If you’ve been on my site previously you will have probably noticed that I’m a huge fan of the Microsoft 365 Business offerings and the capabilities it includes. The team responsible for it have done amazing things in terms of adding additional capabilities in under two years, including the following list…

  • Office 365 Business
    • Shared Computer Activation
    • Archive Mailbox in Outlook
    • Native RMS and AIP
    • DLP
    • Office 365 ATP Plan 1
    • eDiscovery
  • Azure Active Directory
    • Password write-back to on-prem AD
    • Conditional Access
  • Intune
    • iOS, Android and MacOS MDM support

These are only some of the changes over the last few years, and help to explain why Microsoft 365 Business makes sense for many organisations. It’s also been great to see Microsoft 365 Business specifically mentioned in the documentation for some of it’s components, such as the licensing requirements for Windows Autopilot. Trying to explain where Microsoft 365 Business fits based on people’s understanding or lack thereof for Office 365 Business Premium is helped when there’s more awareness in general.

Two of the licensing requirements for unreleased products that I’m currently watching closely are for Microsoft Connected Cache and Desktop Analytics. At the time of writing neither are explicitly including Microsoft 365 Business as a supported licensing mechanism. Let’s take a look at Microsoft Connected Cache first.

Microsoft Connected Cache

Microsoft Connected Cache will be managed via the Azure Portal, where you can deploy and provision new instances of Connected Cache to your on-premises infrastructure. But what does it do? It’s effectively a Delivery Opimization cache, so you won’t have a dependency on other machines being on the network, being powered on, and having the updates or installs you require to benefit from Delivery Optimization. Remember that Delivery Optimization isn’t just for Windows Update For Business cumulative and feature updates, but also drivers, firmware, Microsoft Store apps, Office and Click To Run updates.
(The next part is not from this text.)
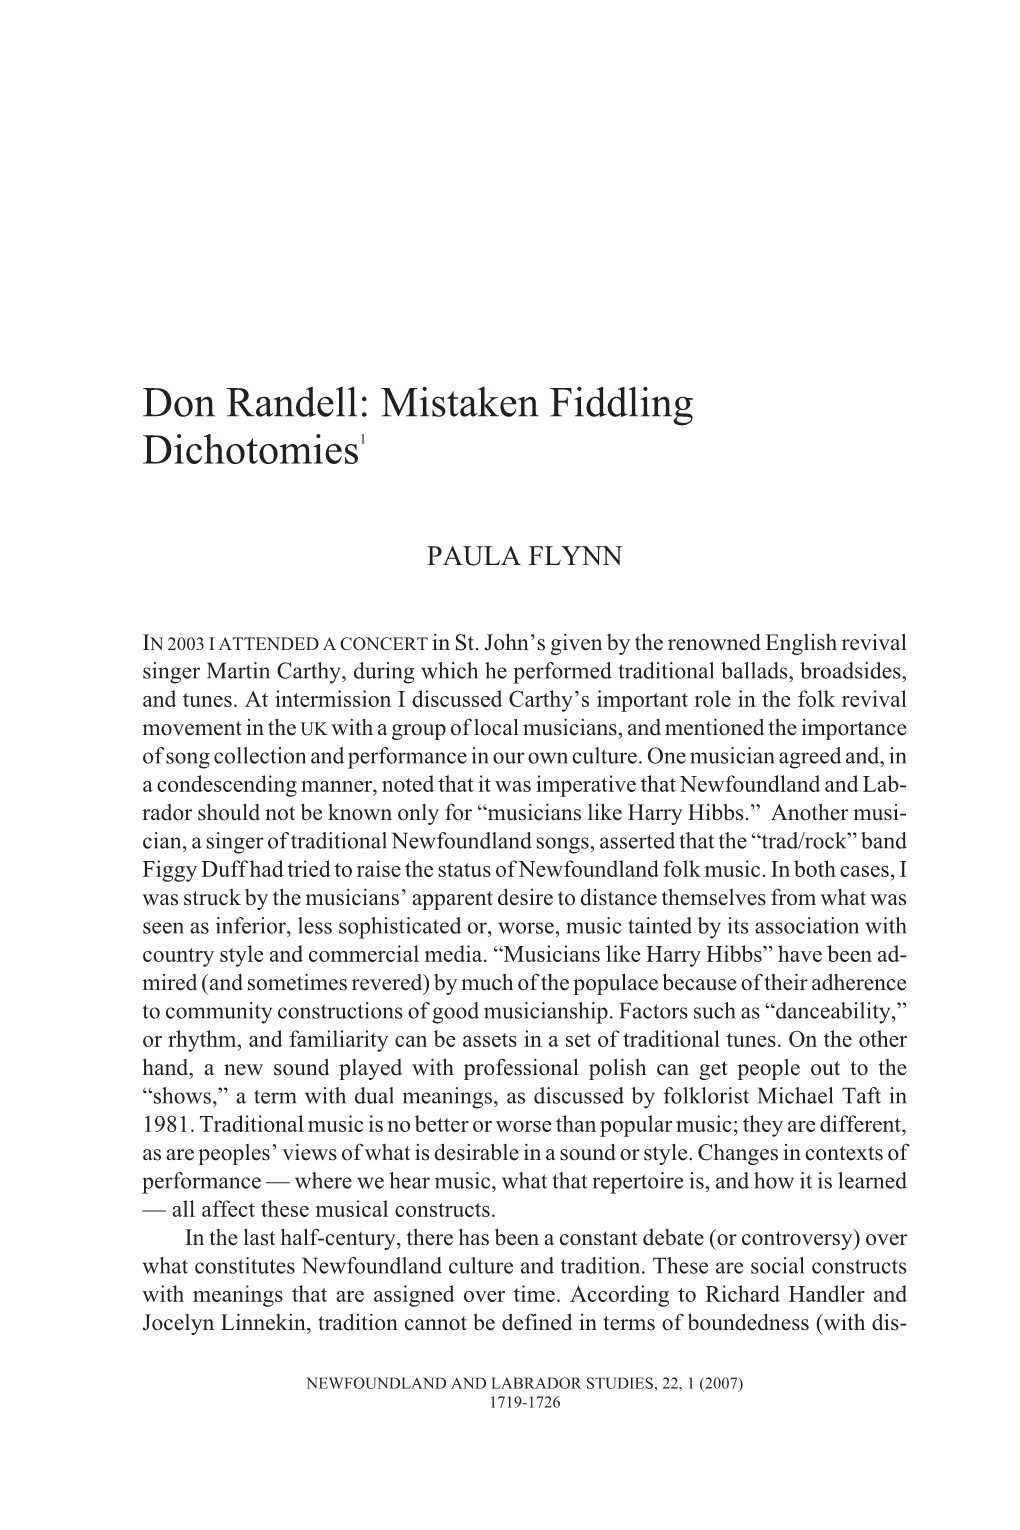 Don Randell: Mistaken Fiddling Dichotomies1

There’s a catch though… at least for Microsoft 365 Business users… the subscriptions currently listed as the requirement for this when it goes live are one of the following subscriptions

  • Microsoft 365 Enterprise E3 or E5
  • Windows 10 Enterprise E3 or E5
  • EMS E3 or E5
  • Office E3 or E5
  • Office 365 A3 or A5

What you will notice here is that Microsoft 365 Business isn’t listed explicitly, and it doesn’t contain any of the other subscriptions that are included, instead it is a close variation of some of them. This could just be a case of product teams needing to be educated about different subscription types in market, and it wouldn’t be the first time an SMB focused offering wasn’t something that was top of mind for an enterprise focused team, which isn’t something you can really blame them for.
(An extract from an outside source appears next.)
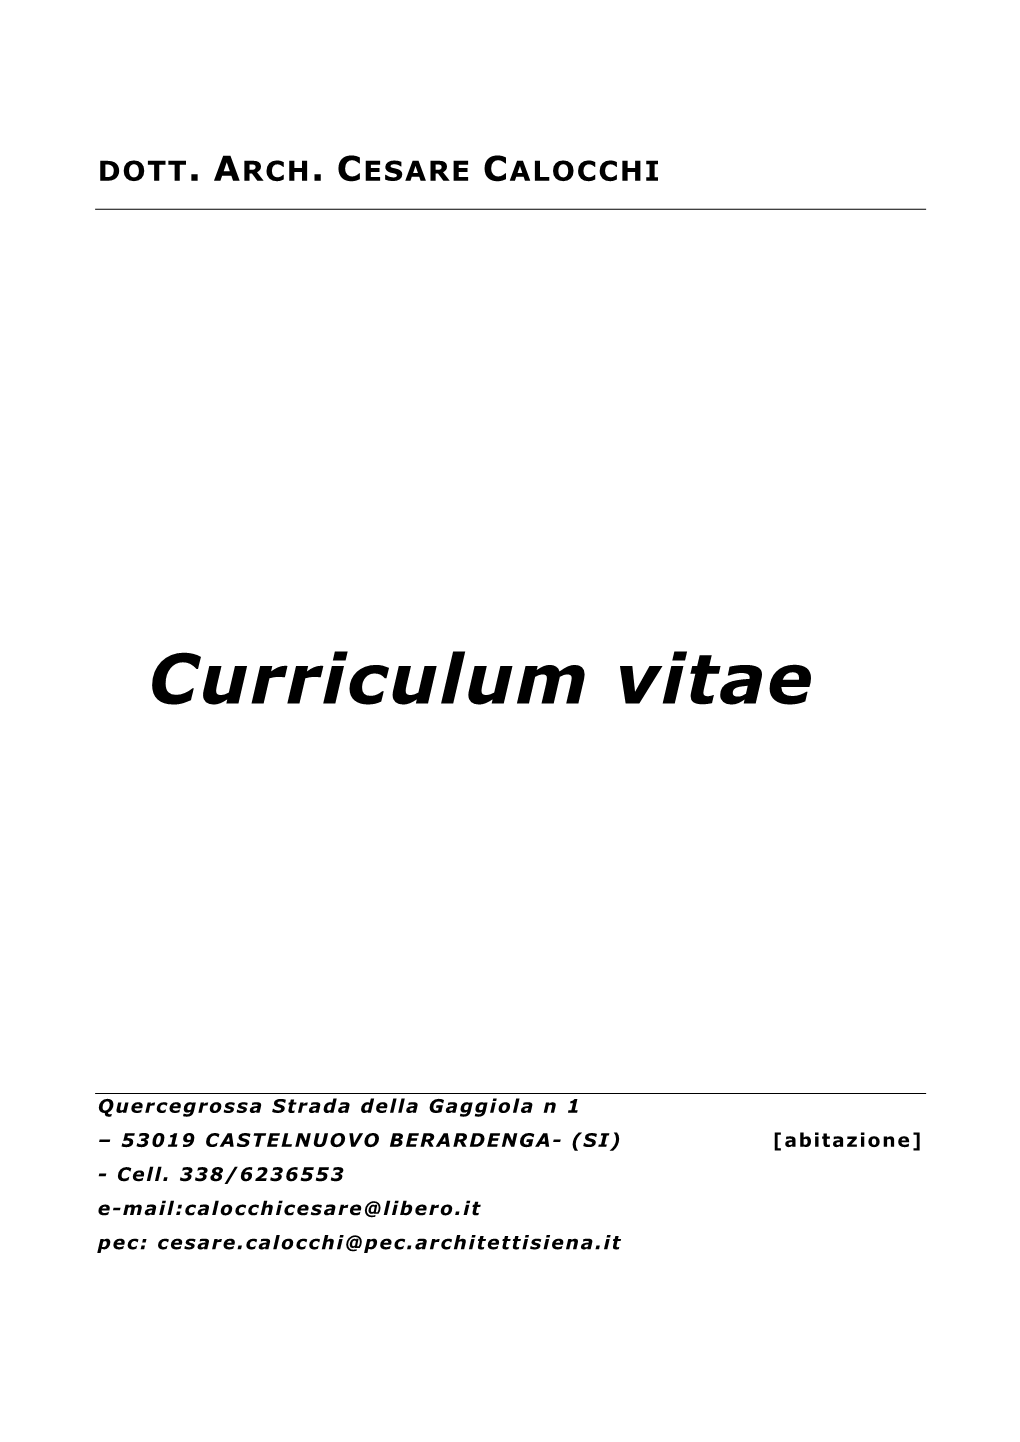 Curriculum Arch. Cesare Calocchi

Back to Microsoft Connected Cache being deployed and configured via the Azure Portal… I mentioned that I’m already a fan of using other Azure based technologies as part of your Microsoft 365 Business deployments, including Azure Sentinel as a Security Information and Event Management solution (which I should probably post about…), and previously this has extended to Windows Analytics which is mostly being replaced by Desktop Analytics.

Right now we have two different issues with Desktop Analytics and SMB customers. The first of these is that there isn’t a pure Intune option, it has to be connected to Configuration Manager based environments. This is something that is being addressed, so I won’t focus on that. Instead let’s take a look at the licensing requirements…

  • Configuration Manager. (Intune includes a CM client licence, so I’m not fussed about this)

    but here is where it gets less positive for Microsoft 365 Business customers…
  • Windows 10 Enterprise E3 or E5 (included in Microsoft 365 F1, E3, or E5)
  • Windows 10 Education A3 or A5 (included in Microsoft 365 A3 or A5)
  • Windows Virtual Desktop Access E3 or E5

At this point, I’m still not sure if this is something that is going to be addressed to help make sure that Microsoft 365 Business doesn’t get relegated to a secondary choice by SMB customers, but like the licensing with Connected Cache this is something I’ll be posting about later, regardless of where the licensing ends up going.